CVRx’s Barostim Neuromodulation Device for Heart Failure Patients Evaluated in Long-Term BeAT-HF Data

March 21, 2023—CVRx, Inc., developer of the Barostim extravascular implantable neuromodulation device for patients with cardiovascular diseases, announced preliminary results of the postmarket phase of the BeAT-HF trial.

According to the company, the Barostim device uses neuromodulation to improve the symptoms of patients with heart failure (HF). Barostim delivers electrical pulses to baroreceptors located in the wall of the carotid artery that activate the body’s baroreflex, which in turn triggers an autonomic response to the heart. The therapy is designed to restore balance to the autonomic nervous system and thereby reduce HF symptoms.

Michael Zile, MD, presented the BeAT-HF data at THT 2023, the second annual Technology and Heart Failure Therapeutics conference held March 20-23 in Boston, Massachusetts. Dr. Zile is Professor of Cardiology at the Medical University of South Carolina in Charleston, South Carolina.

CVRx outlined the highlights of Dr. Zile’s presentation comparing Barostim baroreflex activation therapy (BAT) versus control as follows:

  • Safety of BAT demonstrated by a major adverse neurological or cardiovascular (MANCE) system or procedure-related event-free rate of 97% (P < .001)
  • Long-term symptom improvements with BAT versus control included 6-minute hall walk improvement of 44 meters at 12 months (nominal P < .001), Minnesota Living with Heart Failure Questionnaire quality-of-life improvement of 10 points at 24 months (nominal P < .001), and New York Heart Association class improvement in 27% more BAT patients versus control at 24 months (nominal P < .001).
  • In the trial’s primary endpoint of mortality (cardiovascular death, left ventricular assist device [LVAD], heart transplant) and morbidity (HF hospitalizations, emergency room visits), there was no statistically significant difference (rate ratio, 0.94; 95% CI, 0.57-1.57; P = .82).
  • In all-cause mortality (all-cause death, LVAD, heart transplant), there was a 34% relative reduction in BAT versus control (hazard ratio, 0.66; 95% CI, 0.44-1.007; nominal P = .054).
  • In a hierarchical composite of cardiovascular death, LVAD, heart transplant, HF hospitalization, and quality of life, the Win Ratio of 1.26 favored BAT versus control (95% CI, 1.02-1.58; nominal P = .04).

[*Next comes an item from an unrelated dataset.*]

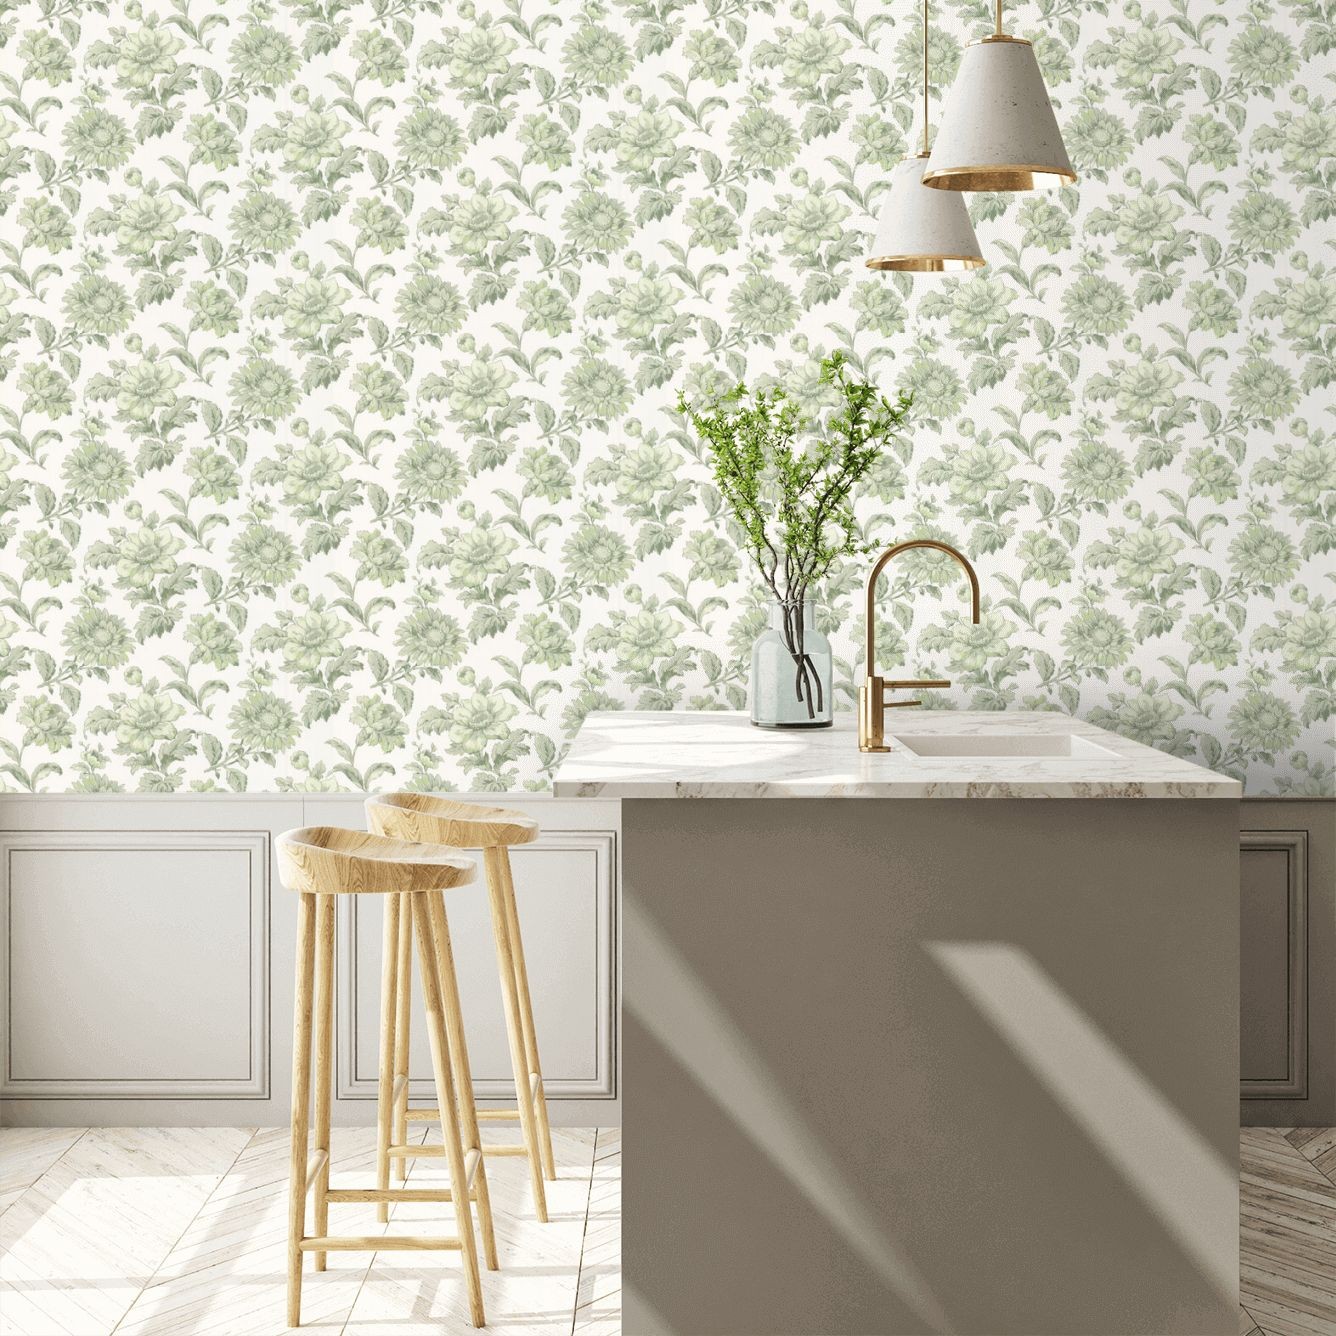 3d Wallpaper Design English Country Style Stock Illustration 1326594839   Shutterstock
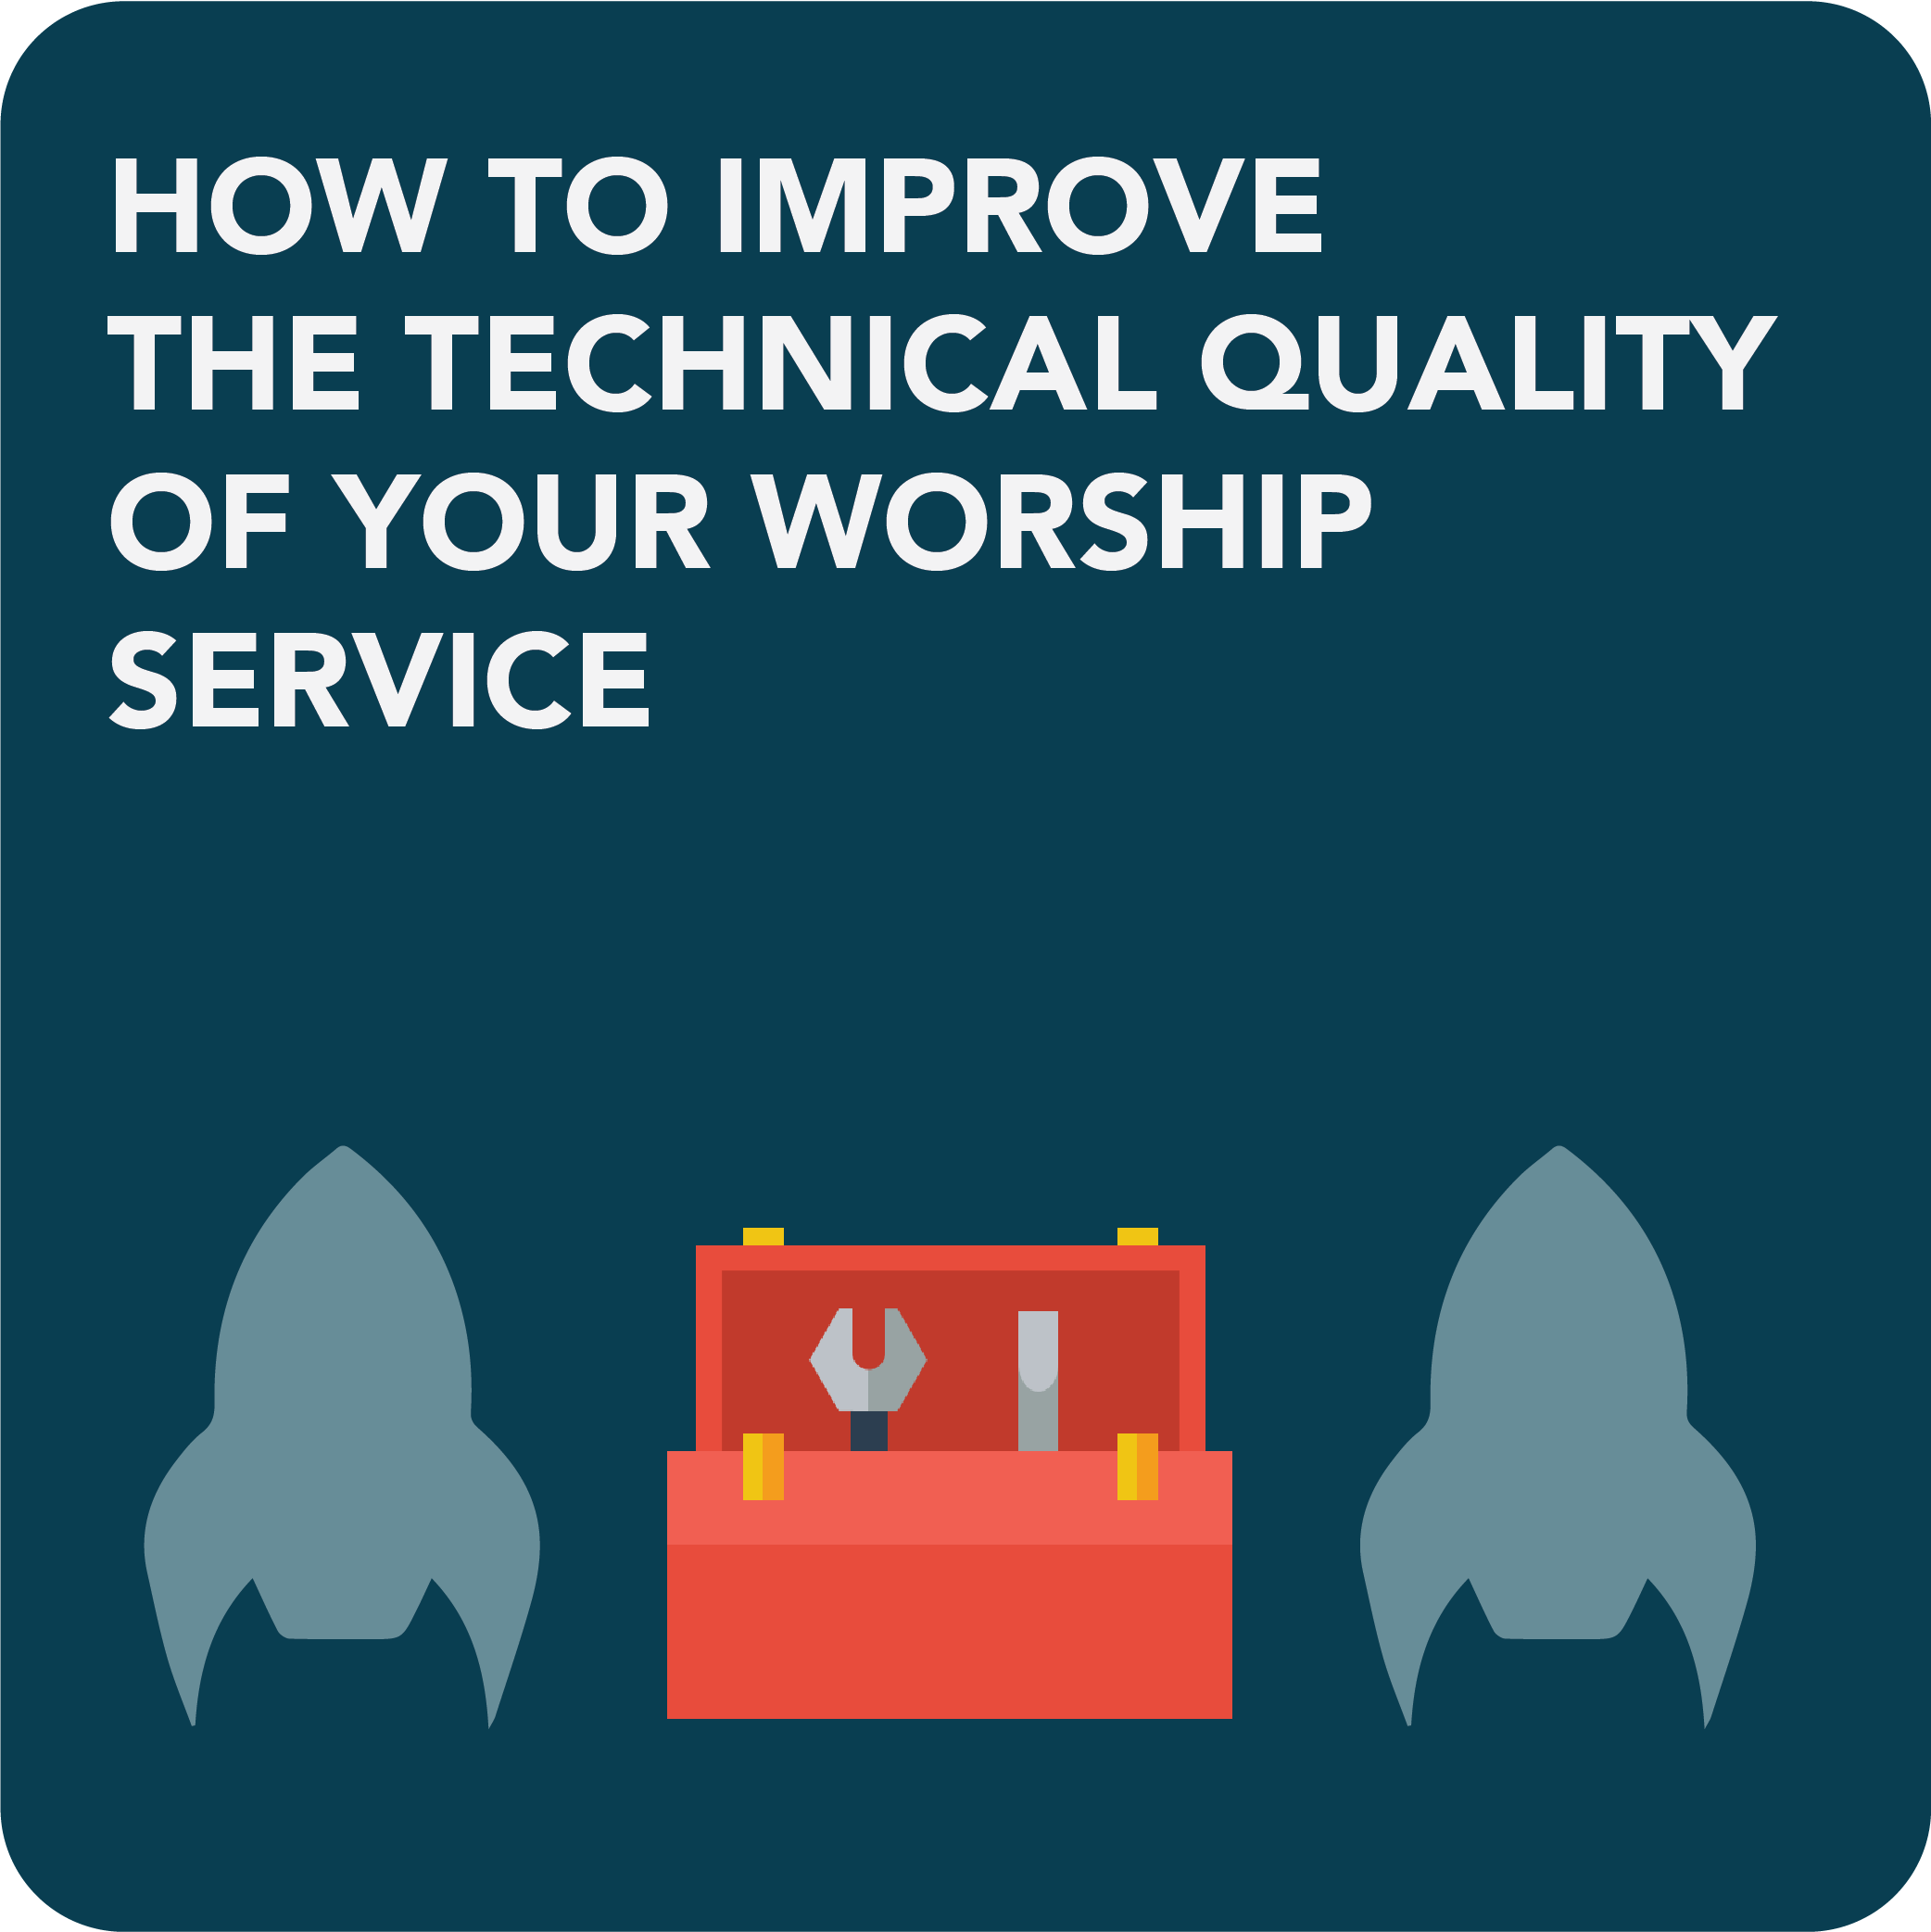 https://kb951.infusionsoft.com/app/orderForms/How-To-Improve-The-Technical-Quality-Of-Your-Worship-Service

As noted in the press release, Dr. Zile’s presentation concluded, “Totality of evidence indicates that BAT is a safe, effective, and durable treatment for patients with HF with reduced ejection fraction.”

The company advised that the slides from Dr. Zile’s featured presentation, as well as key slides presented as part of a CVRx-sponsored symposium at THT, are available at ir.cvrx.com. The full results of BeAT-HF, including additional analyses and endpoints, will be submitted by the executive steering committee for publication in one or more peer-reviewed journals. CVRx anticipates that regulatory submission to the FDA for expanded labeling will be made in the coming months.

Barostim received FDA Breakthrough Device designation and is FDA approved for use in HF patients in the United States. Additionally, Barostim received CE Mark approval for HF and resistant hypertension in the European Economic Area.